Si les personnes atteintes du syndrome de Down peuvent vivre longtemps aujourd’hui, souvent grâce à la médecine moderne, ce n’était pas le cas dans le passé. En effet, les estimations d’âge à partir des restes squelettiques ont montré que les six individus sont morts très jeunes, un seul enfant atteignant environ un an. Les cinq sépultures préhistoriques étaient toutes situées au sein de colonies et, dans certains cas, accompagnées d’objets spéciaux tels que des colliers de perles colorées, des bagues en bronze ou des coquillages. « Ces enterrements semblent nous montrer que ces individus étaient soignés et appréciés dans le cadre de leurs sociétés anciennes », explique Rohrlach, l’auteur principal de l’étude.

Reconstruction de Las Eretas, Navarre

Reconstruction de la colonie du début de l’âge du fer de Las Eretas, Navarre. Crédit : Iñaki Diéguez/Javier Armendáriz, Musée Las Eretas, Navarre

Bien que l’étude visait à trouver des cas de syndrome de Down, les chercheurs ont également découvert un individu atteint d’une maladie différente. Parmi les quelque 10 000 échantillons d’ADN testés, une personne présentait une fraction étonnamment élevée d’anciennes séquences d’ADN du chromosome 18, ce qui montrait qu’elle portait trois copies de ce chromosome. On sait que trois copies du chromosome 18 provoquent le syndrome d’Edwards, une maladie associée à des problèmes de santé plus graves que le syndrome de Down. Avec une incidence de moins d’un cas sur 3 000 naissances, le syndrome d’Edwards survient également beaucoup moins souvent que le syndrome de Down.

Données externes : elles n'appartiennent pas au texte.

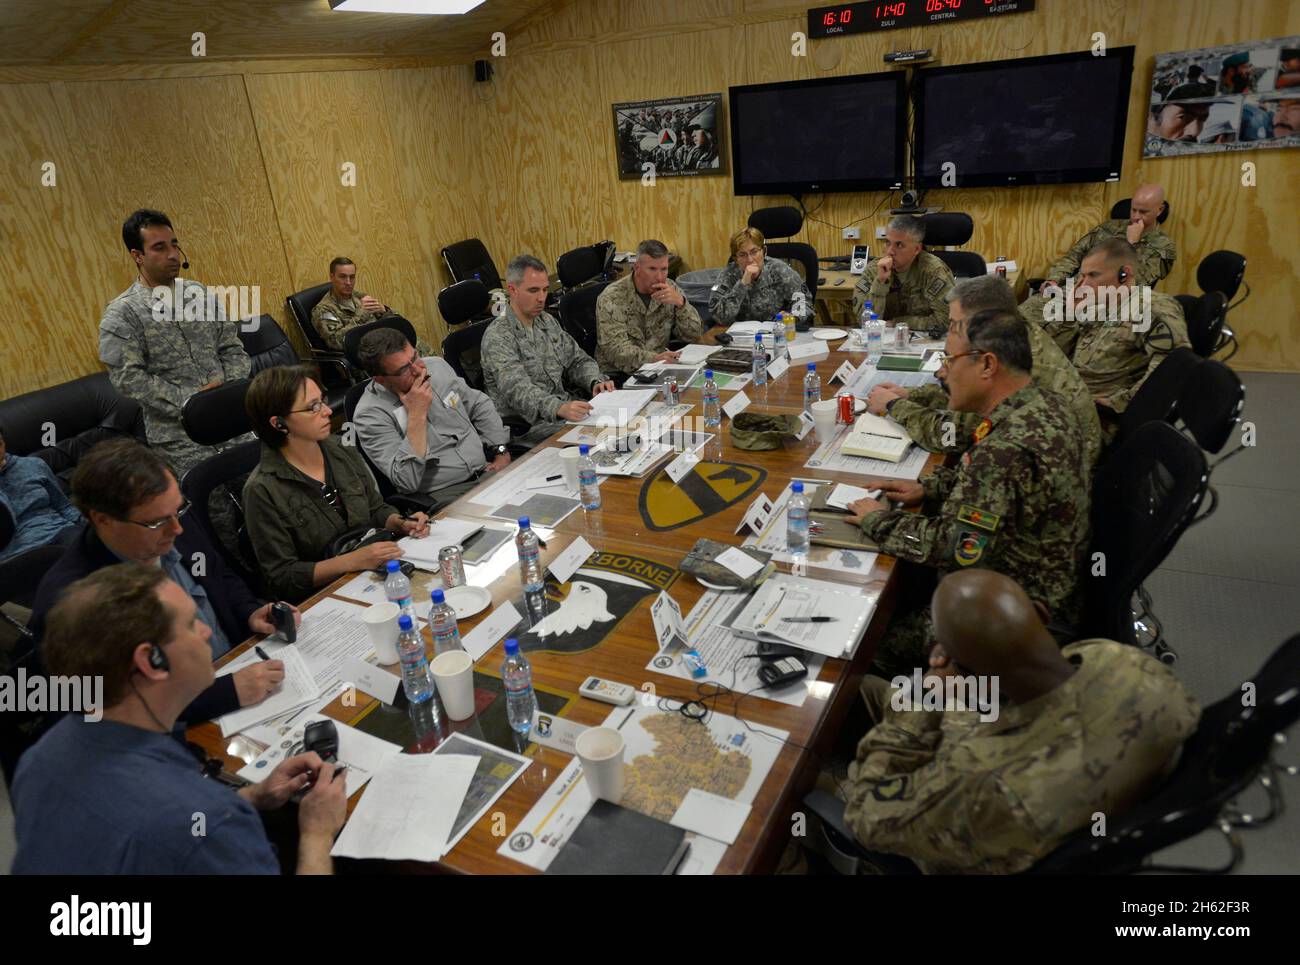 Il Vice Segretario della Difesa degli Stati Uniti Ash carter, al centro della sinistra, ascolta il generale maggiore dell'esercito nazionale afghano Mohammed Zaman Waziri durante un briefing sullo stato delle forze afghane alla base operativa avanzata Gamberi, provincia di Laghman, Afghanistan, 13 maggio 2013. Foto Stock

Cette découverte a également été faite sur l’un des sites espagnols de l’âge du fer, laissant aux chercheurs un mystère à résoudre. « Pour le moment, nous ne pouvons pas dire pourquoi nous trouvons tant de cas sur ces sites », explique Roberto Risch, archéologue de l’Université autonome de Barcelone travaillant sur les rites funéraires intra-muros, « mais nous savons qu’ils appartenaient aux quelques enfants qui ont reçu le privilège d’être enterré à l’intérieur des maisons après la mort. Cela laisse déjà entendre qu’ils étaient perçus comme des bébés spéciaux.

Colonie du début de l'âge du fer d'Alto de la Cruz, Navarre

Vue aérienne de la colonie du début de l’âge du fer d’Alto de la Cruz, en Navarre, lors de la campagne de fouilles de 1989. Crédit : Servicio Patrimonio Histórico Gobierno de Navarra

Alors que le nombre d’échantillons d’ADN d’individus anciens continue d’augmenter, les auteurs prévoient d’élargir davantage leurs recherches à l’avenir. « Ce que nous aimerions savoir, c’est comment les sociétés anciennes ont réagi face à des individus qui auraient pu avoir besoin d’un coup de main ou qui étaient simplement un peu différents », explique Kay Prüfer, qui a coordonné l’analyse des séquences.

L’étude a été financée par la Max-Planck-Gesellschaft, le Conseil européen de la recherche H2020 et le Conseil australien de la recherche.